Jetzt hatte er also ein Alkoholproblem.

Das war also die gelogene Entschuldigung für sein Verhalten heute?

Die Frage war: war das besser, als der eigentliche Grund?

Hatte er lieber ein Alkoholproblem, als vor seinen Freunden zu zugeben, dass er gerade seine Sexualität hinterfragte?

Aus dem Wohnzimmer konnte er immer wieder das Getuschel seiner Freunde hören, die wohl gerade bereits über mögliche AA-Treffen sprachen oder gleich eine Kur verordnen wollten. Wie das wohl aussehen würde, wenn es um eine mögliche Homosexualität ging? Würden sie dann auch nach Kuren für ihn suchen oder ihn direkt einweisen lassen? Ging das überhaupt, wenn er doch schon erwachsen war? Vielleicht würden sie ja sogar seine Eltern einschalten, die ihn dann mitnehmen würden und in sein altes Kinderzimmer stopfen. Da würde er dann zwischen Kuscheltieren und Erinnerungen an schreckliche Schulzeiten sein Leben Fristen, bis er als ewiger Single in seinem Kinderbett verstirbt und auf dem Grabstein würde stehen:

Auf ewig Allein!

"Taehyung, bist du wieder nüchtern?"

In der Tür stand Namjoon. Groß und breit, während er verschrocken wie ein Hase in seiner Decke erstarrt war.

Er hatte demnach nun zwei Möglichkeiten. Ja sagen und aufstehen oder schweigen und liegen bleiben.

"Steh auf, ich seh, dass du mich anschaust!", daraufhin wurde das Licht angeknipst, welches ihm schmerzhaft in den Augen brannte.

"Aus... Mach das scheiß Licht -"

"Niemals! Steh auf!" Fest packte sein Kumpel ihn an den Beinen und während er versuchte die Hände wegzutreten, wurde er aus dem Bett gezogen.
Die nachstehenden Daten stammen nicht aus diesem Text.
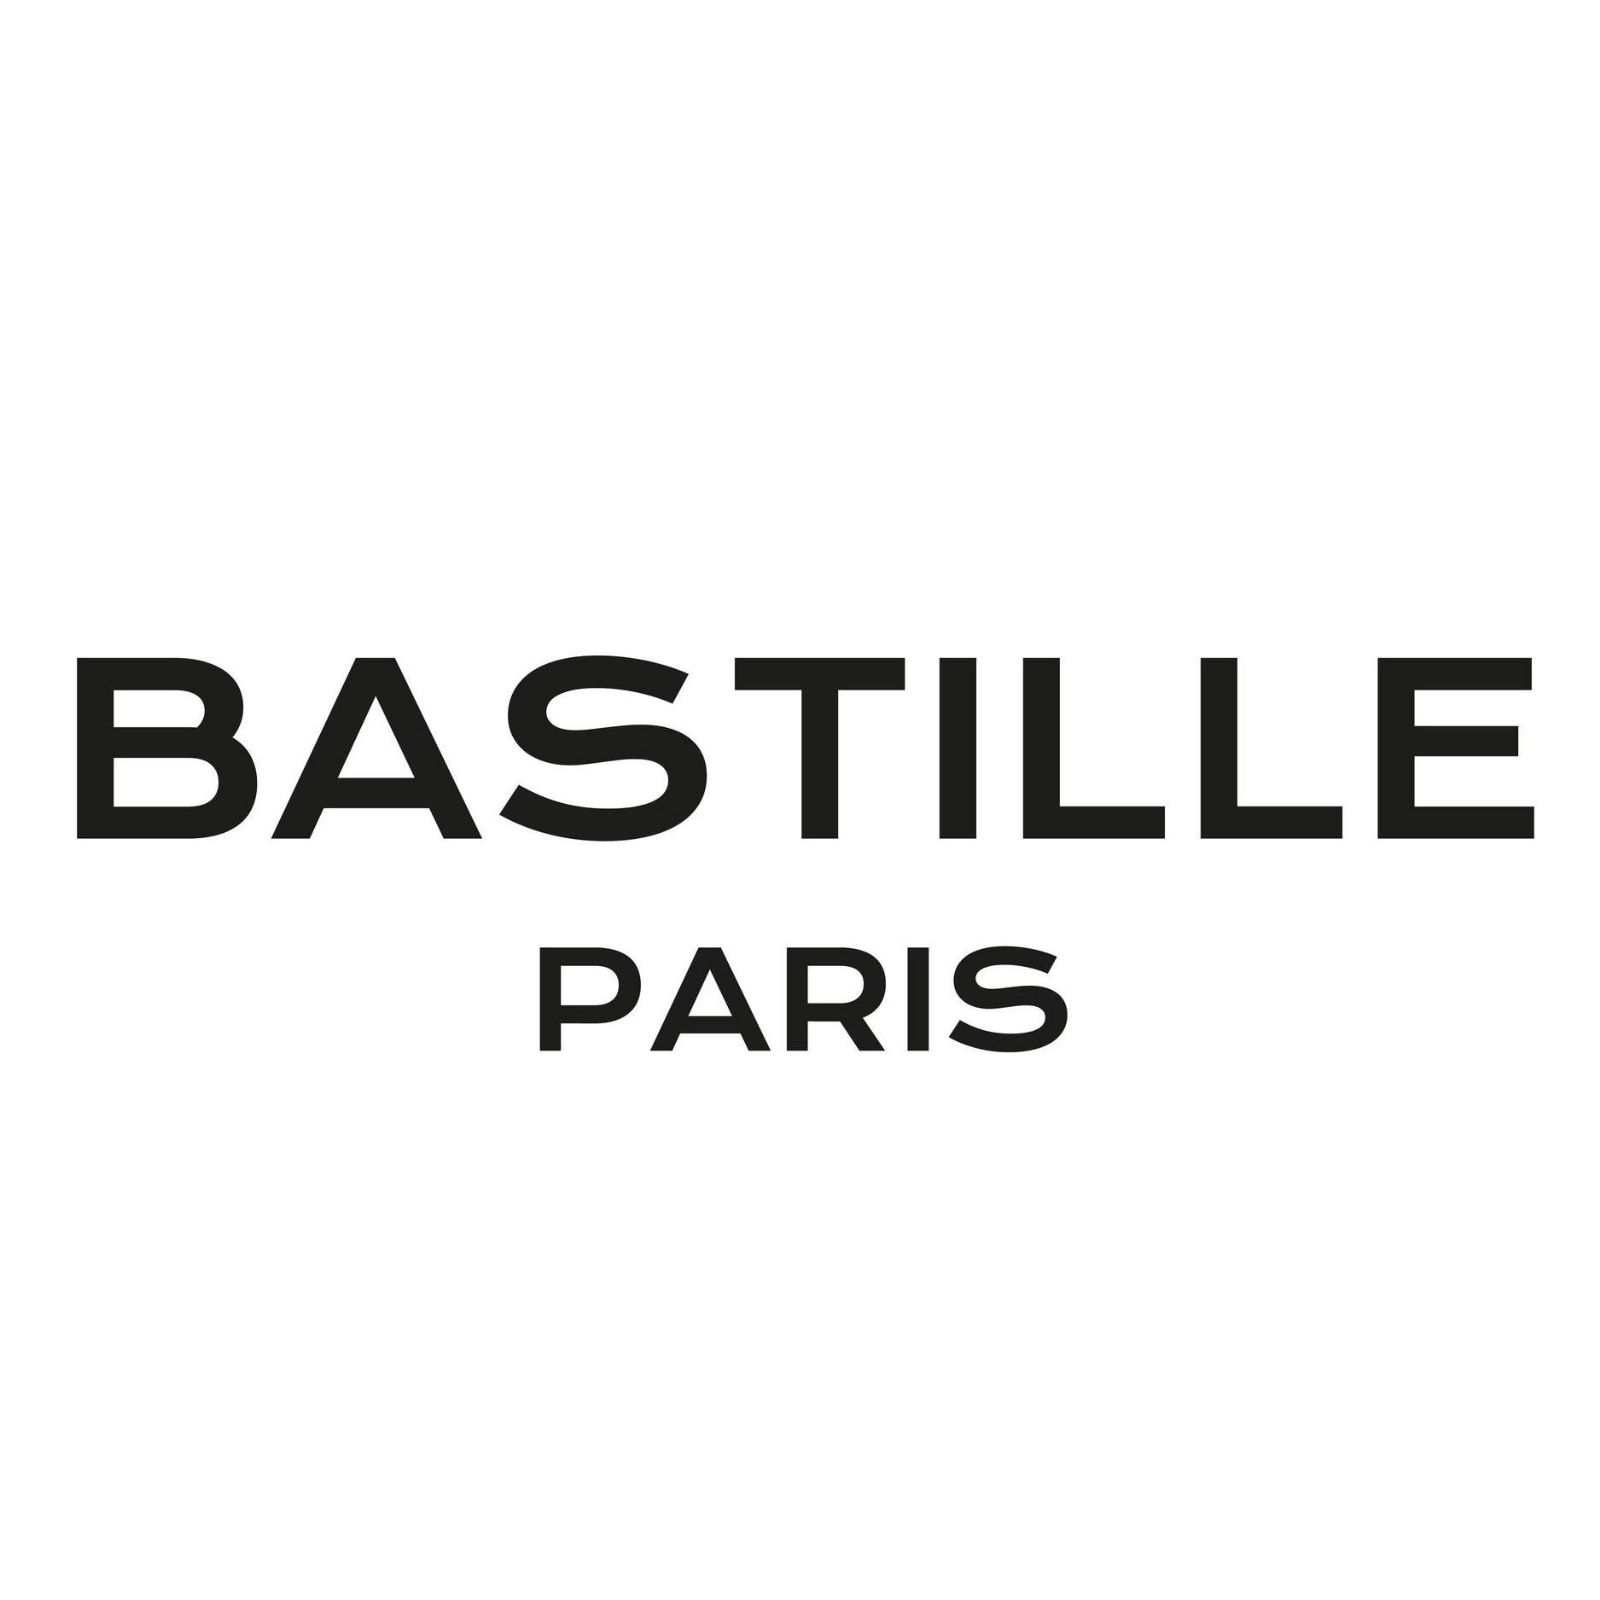 Bastille Paris

"Ich bin nicht dein Kind!"

"DANN BENEHM DICH NICHT SO!!!"

Das saß.

Stumm und reglos blickte er in dessen wütendes Gesicht. Konnte die Luft förmlich sehen, die in elektrischen Ladungen zwischen ihnen aufleuchtete - dabei war es am Ende nur dessen Pulsuhr, die wohl Alarm schlug.
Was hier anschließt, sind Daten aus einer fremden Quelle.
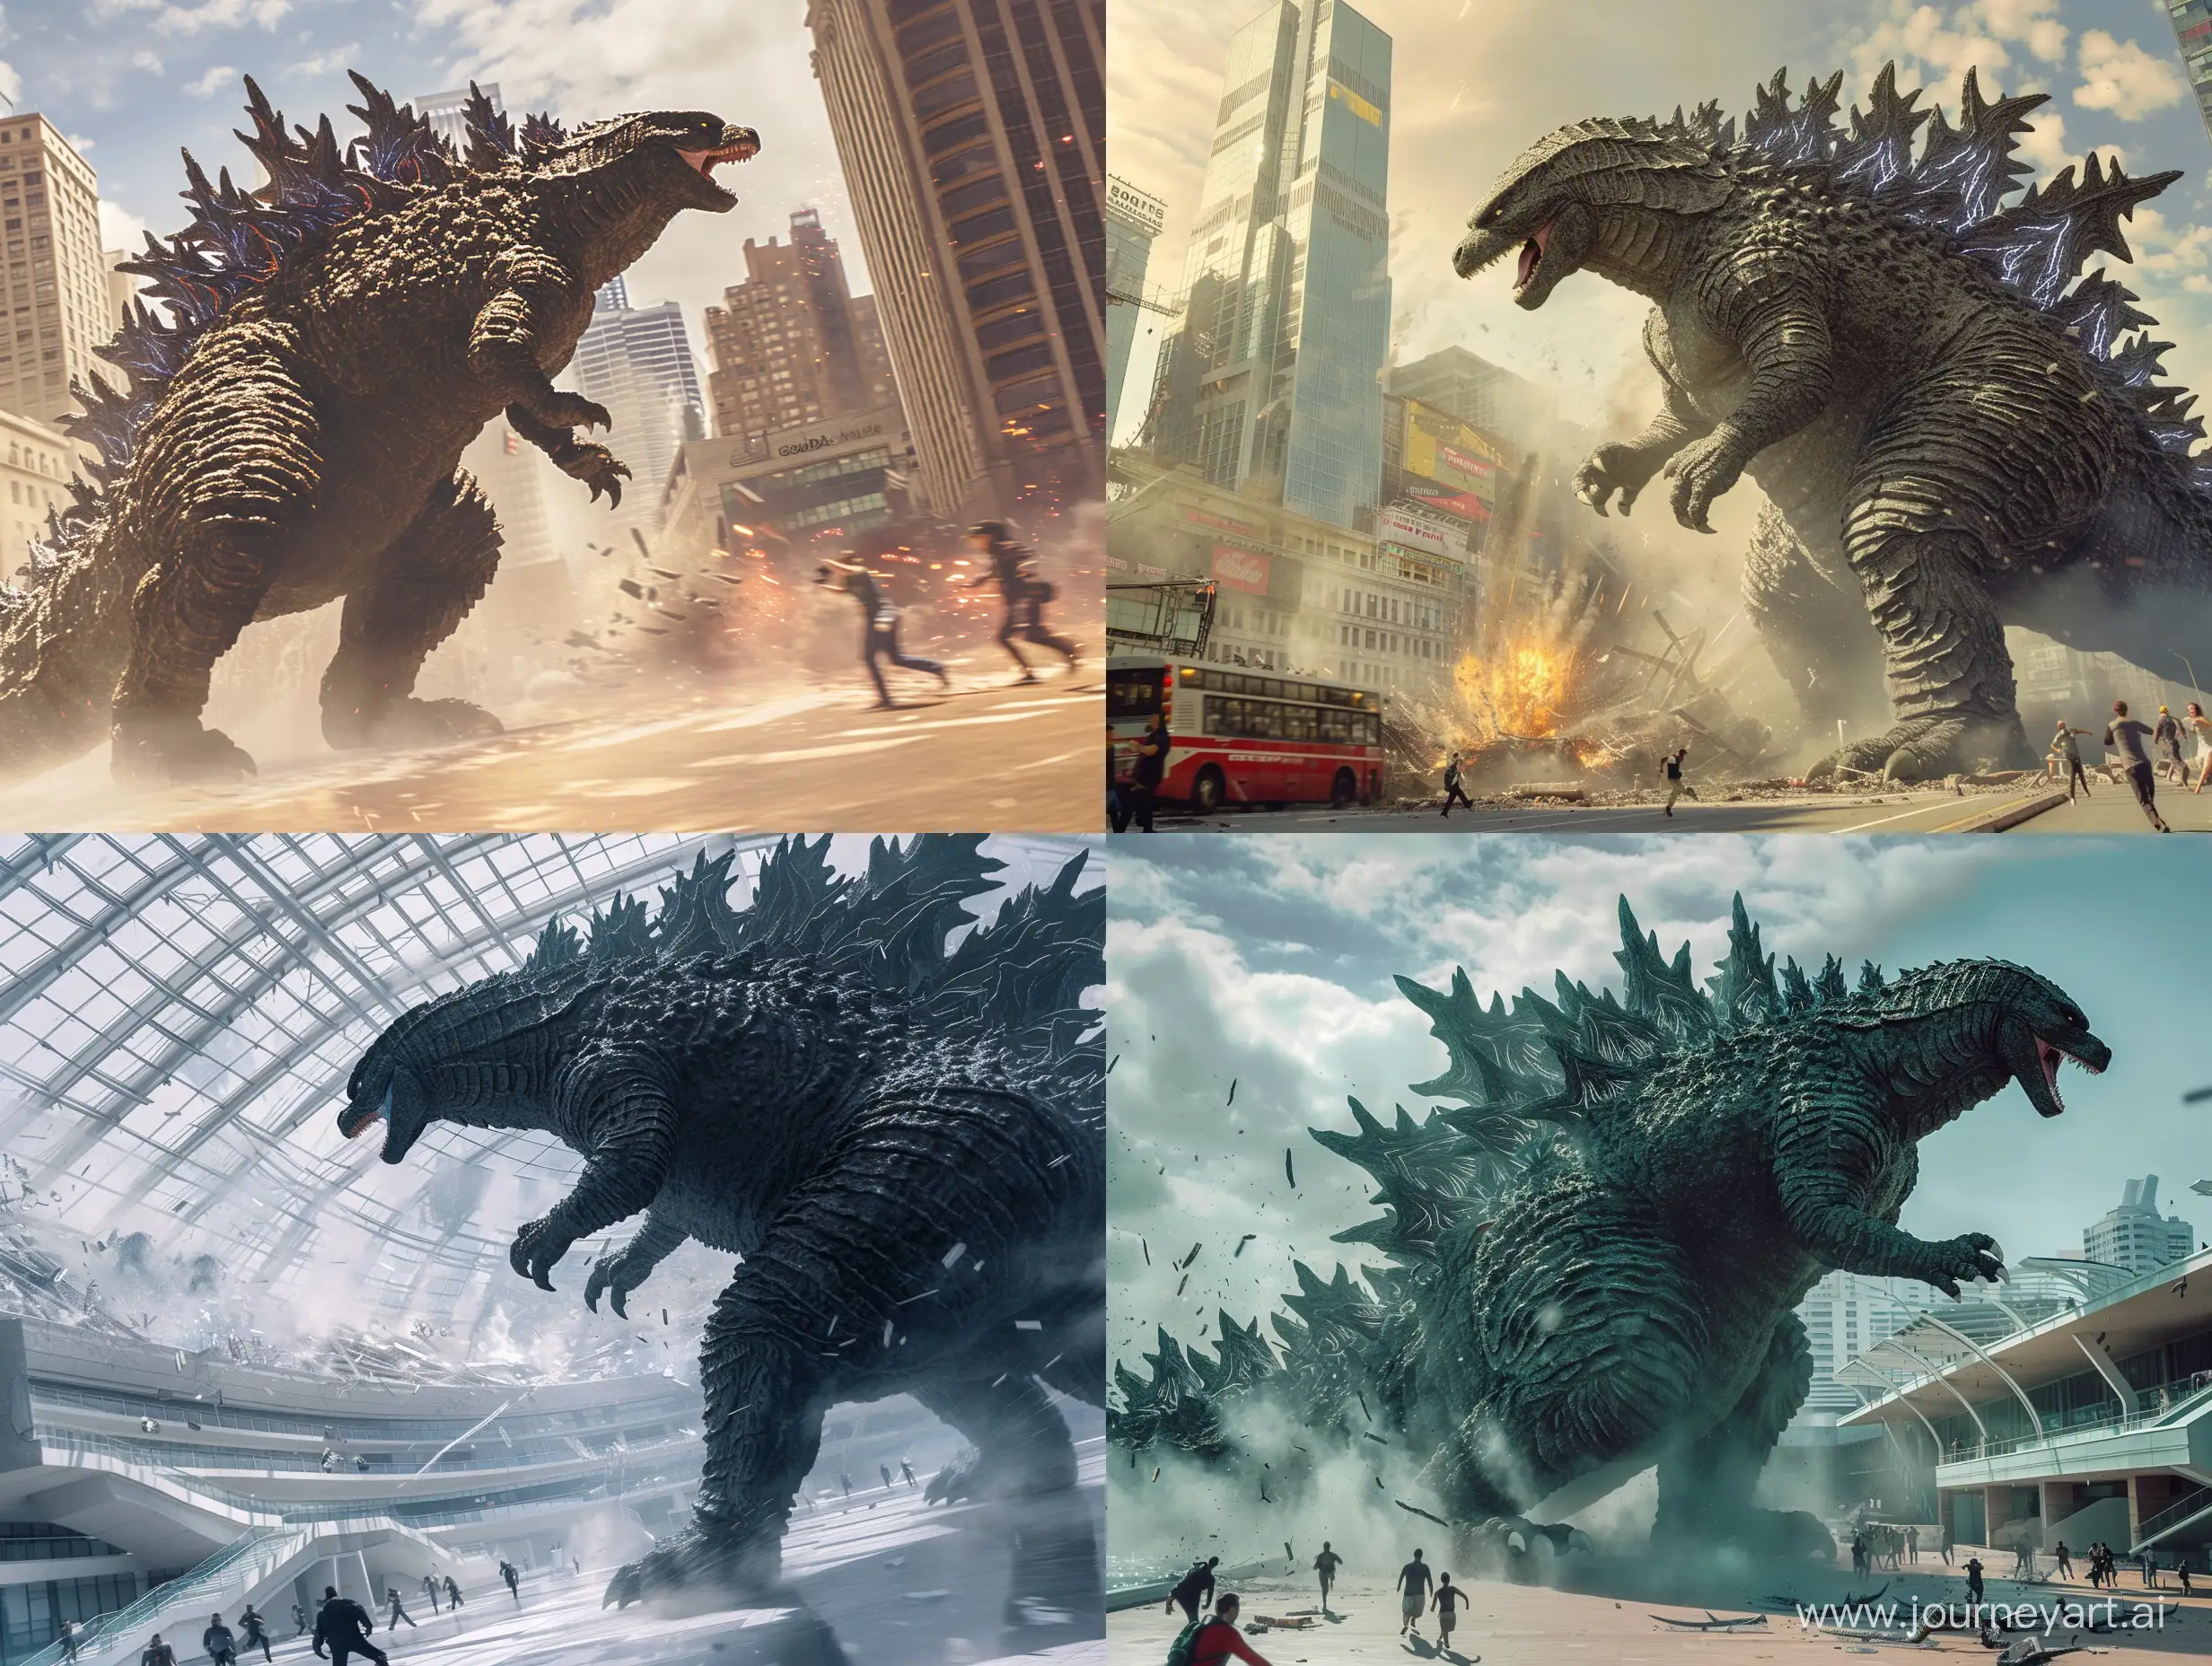 cinematic still, ultra wide angle, Godzilla rampaging through a modern city, building destruction, people running, kaiju chaos , realistic, 8k

"Du benimmst dich wie ein Teenager, dabei sind wir in unseren 30ern! Wir sind Erwachsen! Verhalte dich einmal in deinem Leben auch so!!!"

Das war das letzte Wort, welches an ihn gerichtet wurde, bevor Namjoon das Zimmer mit stampfenden Schritten verließ und ihn damit allein zurück ließ.

Das Bedürfnis war da, sich einfach wieder in die Decken-Wurst zu verwandeln, die er gerade eben noch gewesen war, aber gleichzeitig kratzen dessen Worte an seinem Selbstbewusstsein...

Er war Erwachsen! Er arbeitete bei der Stadt Seoul. Hatte Verantwortung und eine eigene Wohnung. Hatte Versicherungen, Anwälte und Geld...

Wie viel mehr Erwachsen kann man denn bitte sein!?

Wütend sprang er aus seinem Bett raus. Stampfte in noch viel zornigerem Schritt Richtung Wohnzimmer und schrie in einer sich überschlagenen Stimme:

"Ich bin Erwachsen!!!"

Als er um die Ecke blickte, hätte er das jedoch gerne wieder zurück genommen.

Vor ihm saßen nicht nur seine Freunde aus Kindheitstagen, sondern auch dessen Freundinnen und auf einem großen Plakat stand: Interventionsgespräch

Was um alles in der Welt...

"Hallo Taehyung!" Alle winkten und die Sprecherin fuhr fort: "Wir möchten dir etwas sagen. Etwas, was uns sehr wichtig ist und uns schon sehr lange auf der Seele brennt."

Ungläubig wanderten seine Augenbrauen nach oben und alles was er dachte war: natürlich, das war bestimmt Minseo zu verdanken.

Die Freundin von Namjoon machte gerade ihren Schein für die systemische Beratung und würde danach gerne eine Praxis eröffnen - und er schien wohl gerade perfekt für ein Experiment zu passen.

"Ich brauche das ni-", wollte er eigentlich das ganze direkt abbrechen, doch Namjoon unterbrach ihn einfach mit einem lauten Brüllen.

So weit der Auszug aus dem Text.